Here follows a short overview of the workflow you will perform today.
![workflow](metagenomics/workflowsketch.png)



We preinstalled the following programs on the virtual machine: <br>
bwa: http://bio-bwa.sourceforge.net/ <br>
samtools: http://samtools.sourceforge.net/ <br>
binningmetabat: https://bitbucket.org/berkeleylab/metabat/overview <br>
checkm: https://github.com/Ecogenomics/CheckM/wiki/Installation#how-to-install-checkm <br>
prokka: http://www.vicbioinformatics.com/software.prokka.shtml <br>


<h3> Assembly </h3>
For the assembly two sample types, plant and leaf, were sequenced both in three biological replicates. True endophytes are expected to be more abundant in leaf samples than in plant samples. The sequencing data was rid of any plant DNA, this was done by mapping (aligning) the sequencing data (reads) to reference plant genomes. Only the sequencing data that did not map anything was kept for further analysis, and pooled. These pools were then assembled using SPAdes. Your first assignment is to collect this assembly and assess its length distribution. But first read on:

The process of assembly takes the millions of short reads in a fastq file, and processes these to thousands of longer nucleotide sequences. Typically the output is a fasta file with contiguous sequences called contigs (contigs.fasta) or a fasta file with multiple contigs scaffolded based on their relative position and orientation to each other called scaffolds, in a file scaffolds.fasta. Ideally, these scaffolds represent the genome of a single species in the metagenome. This is however, extremely unlikely. At least in my personal experience. In reality the assembly process wil produce thousands of longer scaffolds where a single species' genome is still represented by multiple sequences in the assembly fasta file.

<h3> Binning </h3>
To tackle this issue, we will categorise each individual scaffold in a 'bin' which then ideally comprises one species in the metagenome. This procedure is called binning.

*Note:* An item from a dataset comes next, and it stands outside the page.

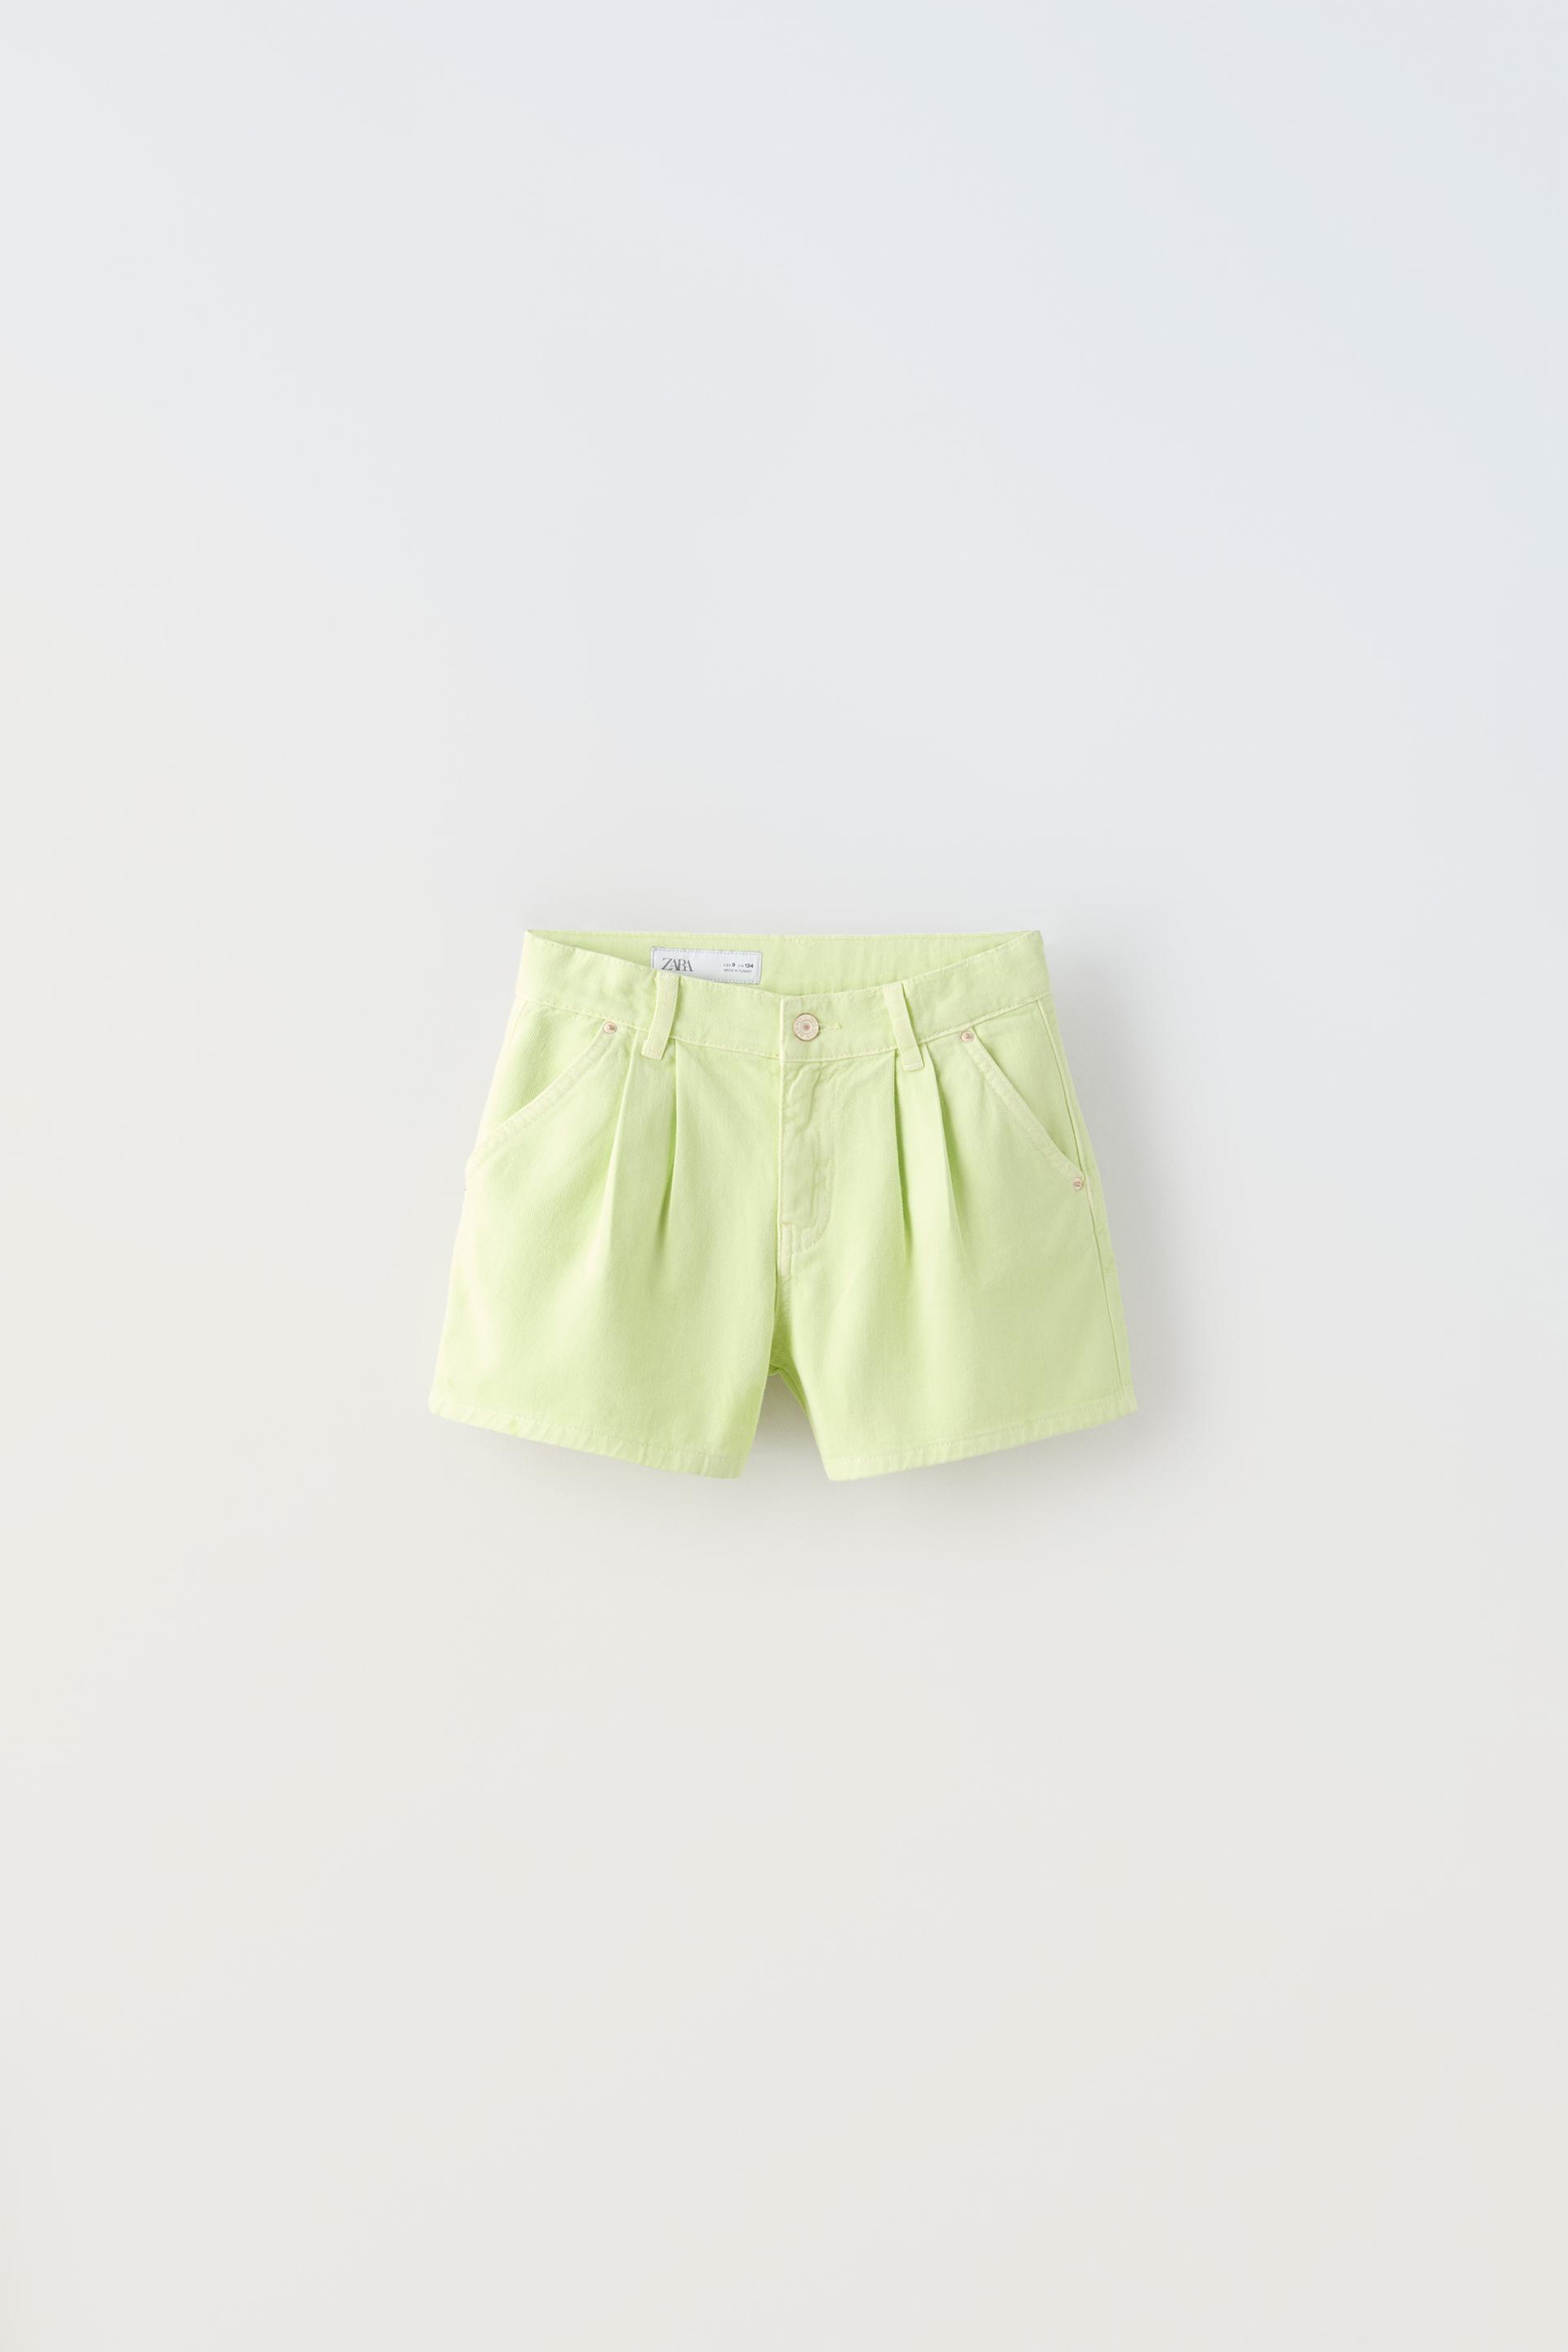 Шорты Zara Denim Bermuda, светло-зеленый юбка шорты zara crossover culottes светло зеленый

The binning procudure starts with 'backmapping'. This means mapping the original reads from each biological replicate separately to the assembly. For this, we use BWA (Burrows-wheeler alignment) which then produces a bam file containing all reads and their location on the scaffolds. These bam files then must be sorted for further processing. Then metabat uses these sorted bamfile to subdivide the scaffolds in bins. This will produce between 5 and 20 bins. Hence we have moved from millions of very short sequences with very little biological information (to lets say about) 10 long sequences with a lot of biological information. 

<h3> Annotation </h3>
One bin must then ideally represent one species. The check wether this is the case, we can use checkM. CheckM assesses the completeness and contamination of bins based on marker genes (collocated sets of genes that are ubiquitous and single-copy within a phylogenetic lineage). 

For the sake of simplicity and time, we will isolate one bin per group and annotate this bin using prokka. Annotation is the process of adding functional information to parts of DNA sequence, i.e. making a table of genes and locations of these genes. These are often stored in a GFF file, the genomic feature format. Once you have this gff file, and a fasta for your specific bin/microbial species, we will visualise it using KEGG. Again, for more details please google kegg. Here we will use it to load our gff file and then explore the metabolic pathways present. 

<h2> Practical information </h2>
This whole computer practicum will take a whole day, staff will be present all day to help you in this process. However, we are with very few so please assisst each other where possible. 

You will work in this python notebook, combining bash and python commands. Bash commands can be executed by appending an exclamation mark '!' to the command like so:

> !whoami

Or by typing "%%bash" at the start of your code block, like so:

> %%bash


You are working on the virtual machine, which you have used before, did you know you can check the computer power of this machine using bash commands:

number of cpu threads

> !nproc

available GB RAM memory

> !top


The first bash commands we will use are 'mkdir' 'wget' and 'ls'. Go ahead and see what they do. If you wonder, most programms print a short summary of their function when presented the -h flag like so:

> !ls -h

or 

> !ls --help

or 

> !mkdir -h


If you made a directory you want to remove again you can use:

> !rm -rf directory

but be carefull with the rm command because you will not be able to recover the removed file.



Not all steps are feasible on these humble web based machines. And some may fail for other reasons. Therefore, results of all steps are uploaded to a separate web server. Instructions on accessing this webserver will follow .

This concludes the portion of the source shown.